Please transcribe the data below in full. Omit any picture you find in it.

● Data below

------------

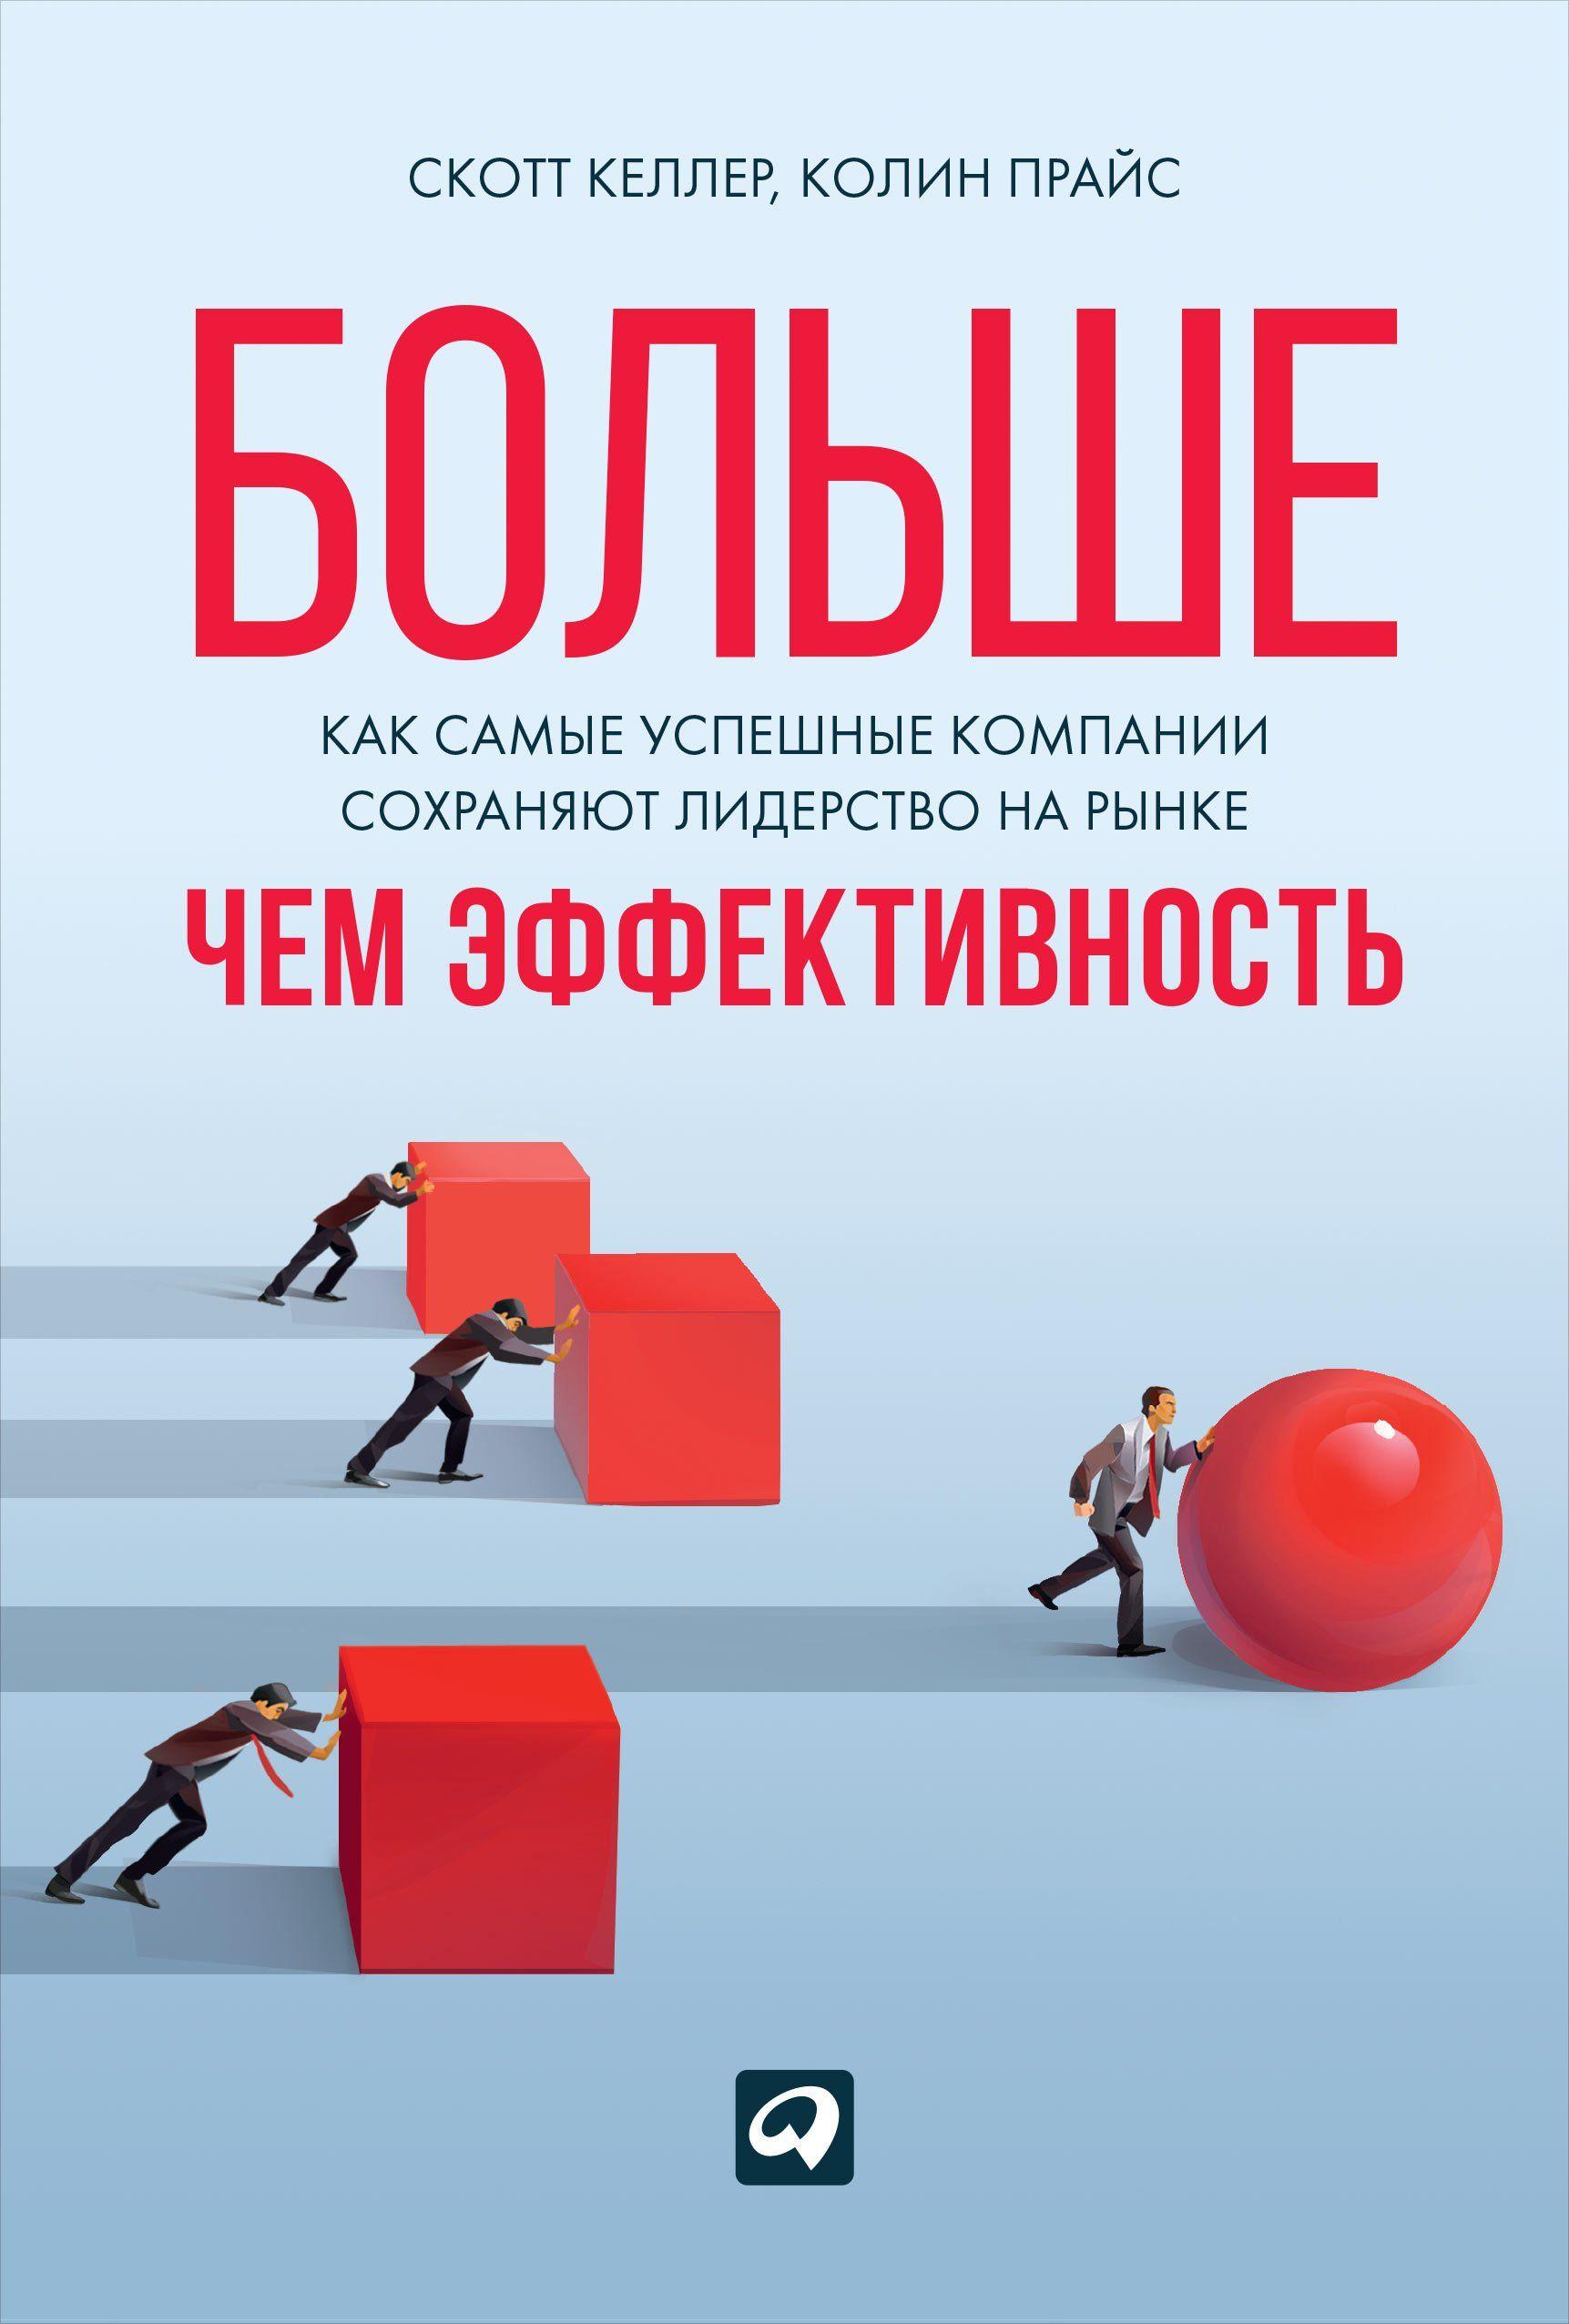 Экономика впечатлений: Как превратить покупку в захватывающее действие. 2-е изд., пересмотр
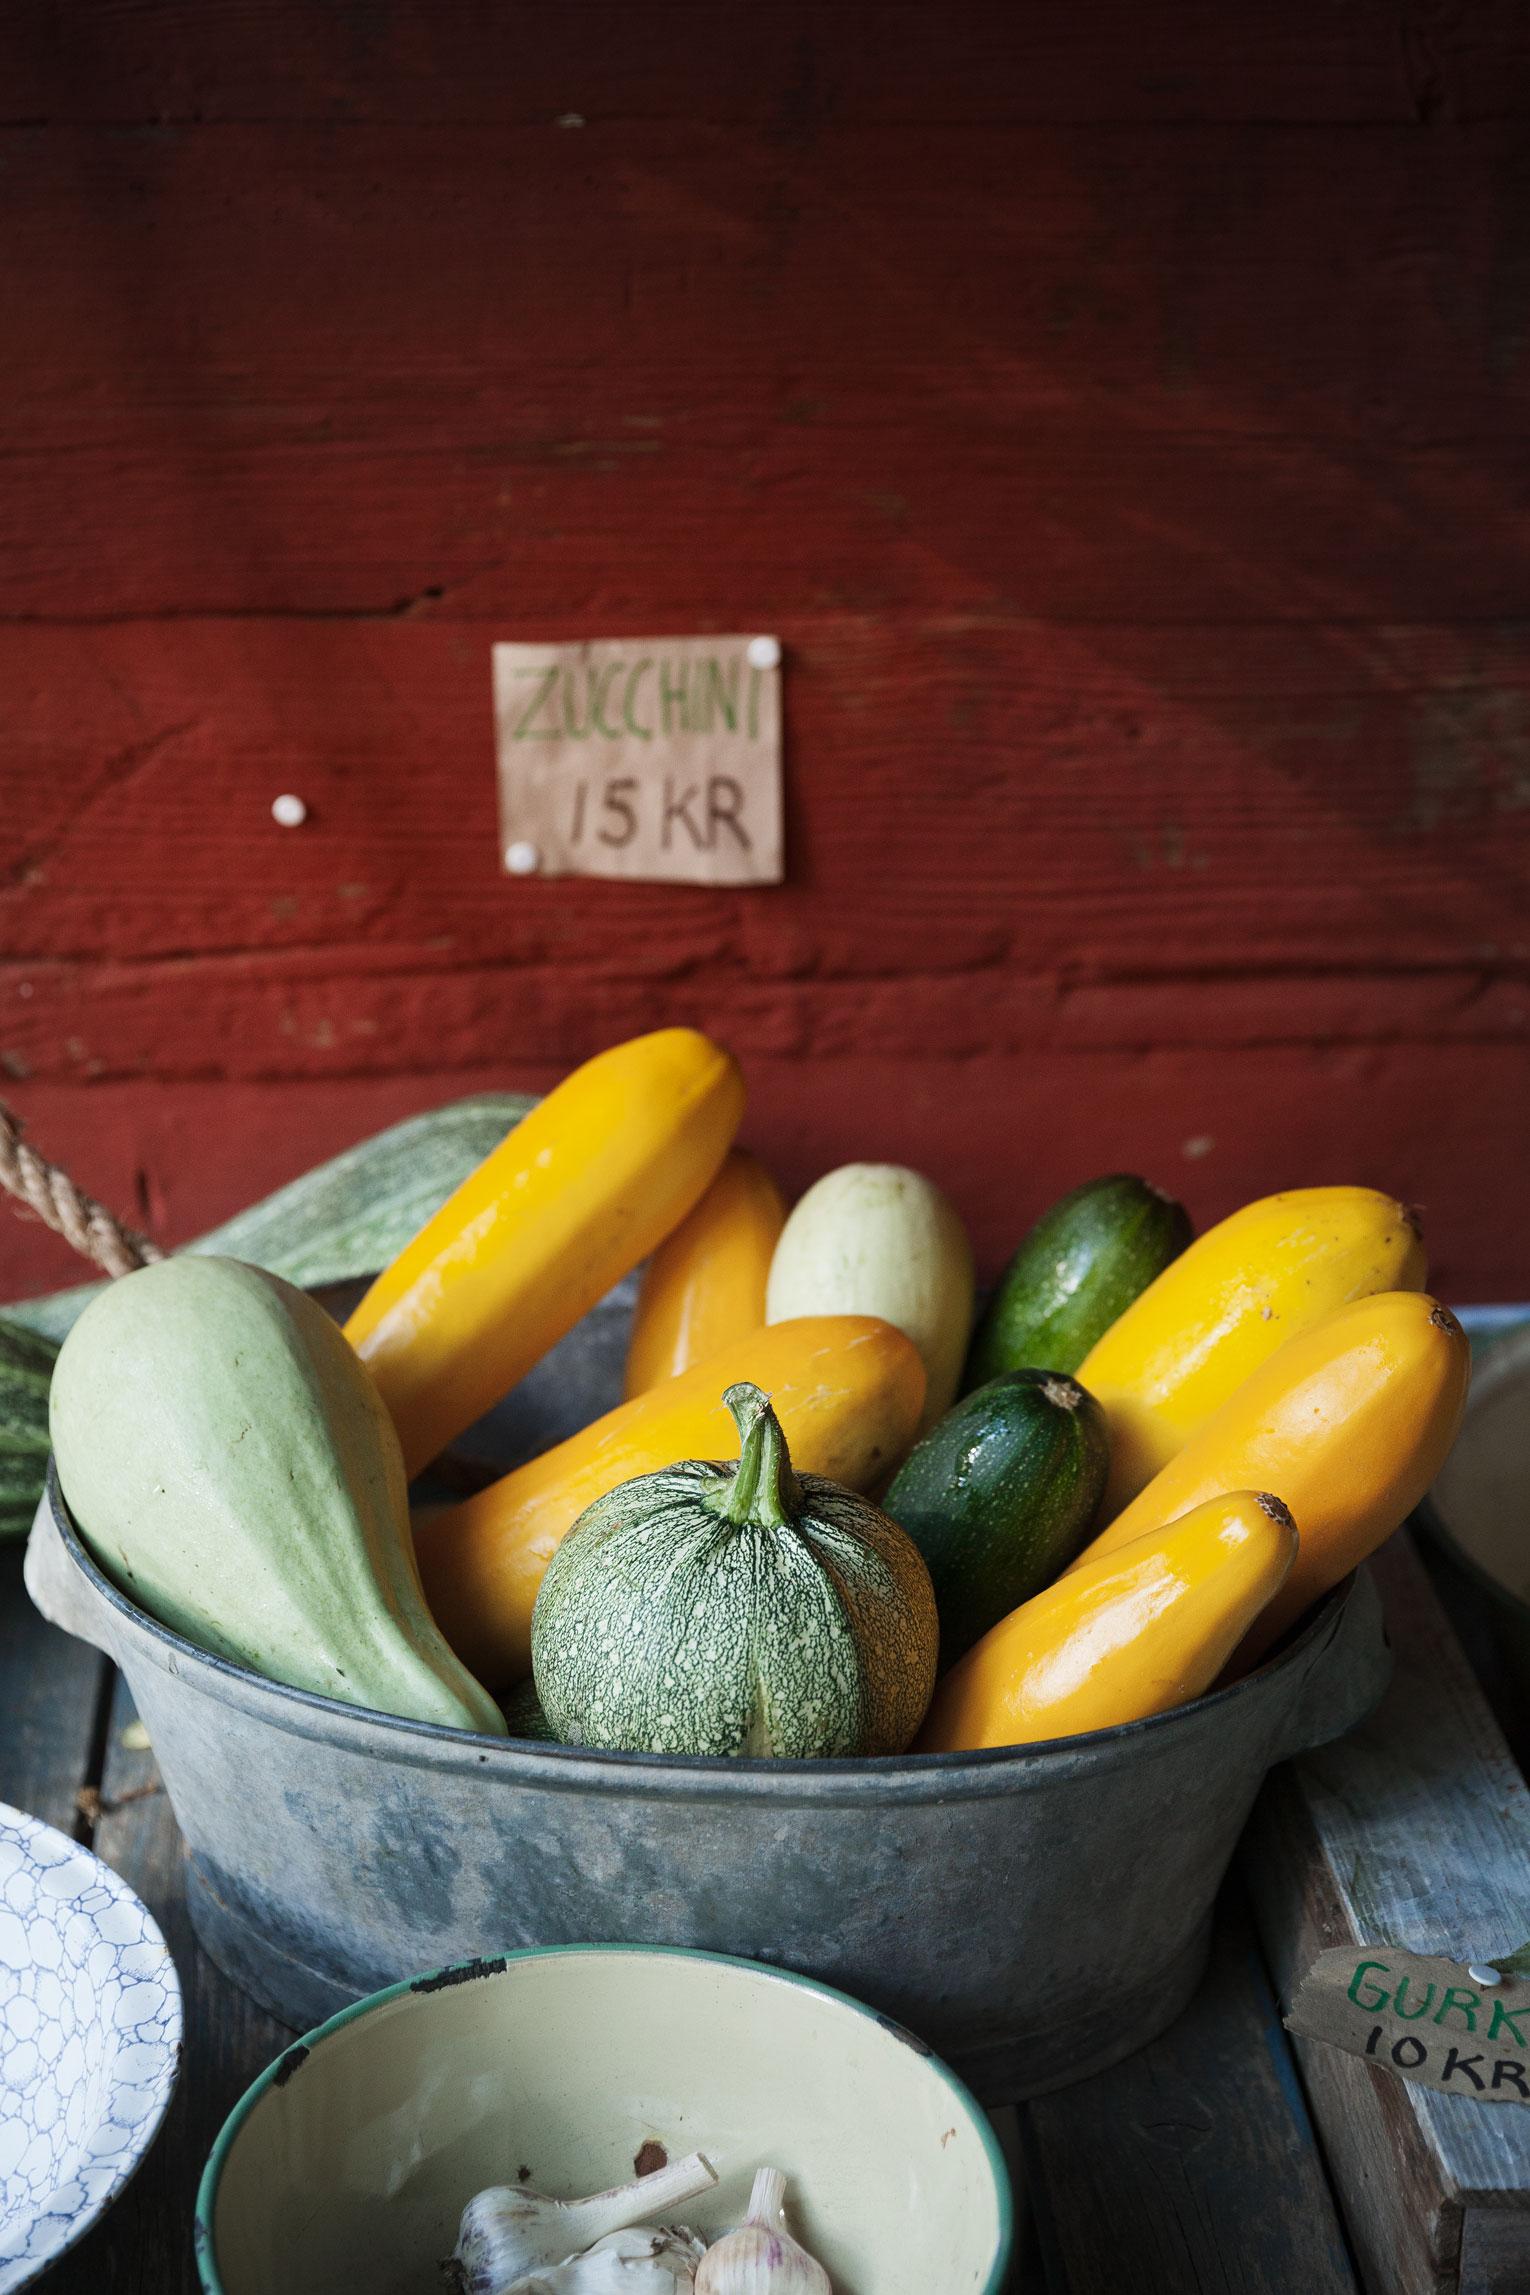 odla zucchini
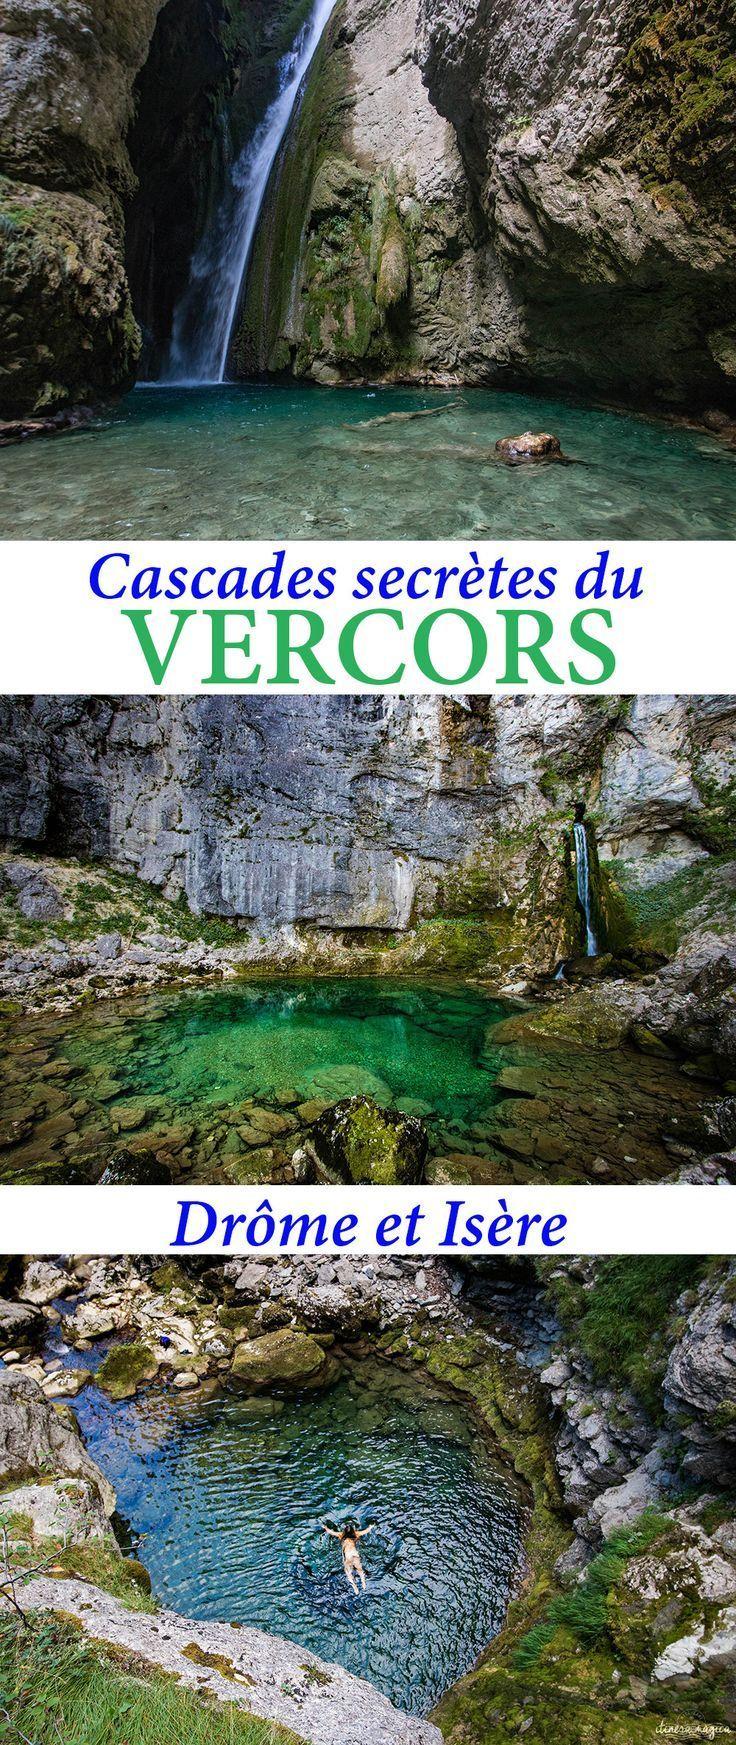 Le Vercors et le pays de Royans au fil de l'eau : les plus belles cascades du Vercos, les rivières souterraines, randonnées secrètes et autres choses à voir en #Drôme et #Isère. #Vercors #cascade

------------

● Reply
 Экономика впечатлений: Как превратить покупку в захватывающее действие. 2-е изд., пересмотр
 odla zucchini
 Le Vercors et le pays de Royans au fil de l'eau : les plus belles cascades du Vercos, les rivières souterraines, randonnées secrètes et autres choses à voir en #Drôme et #Isère. #Vercors #cascade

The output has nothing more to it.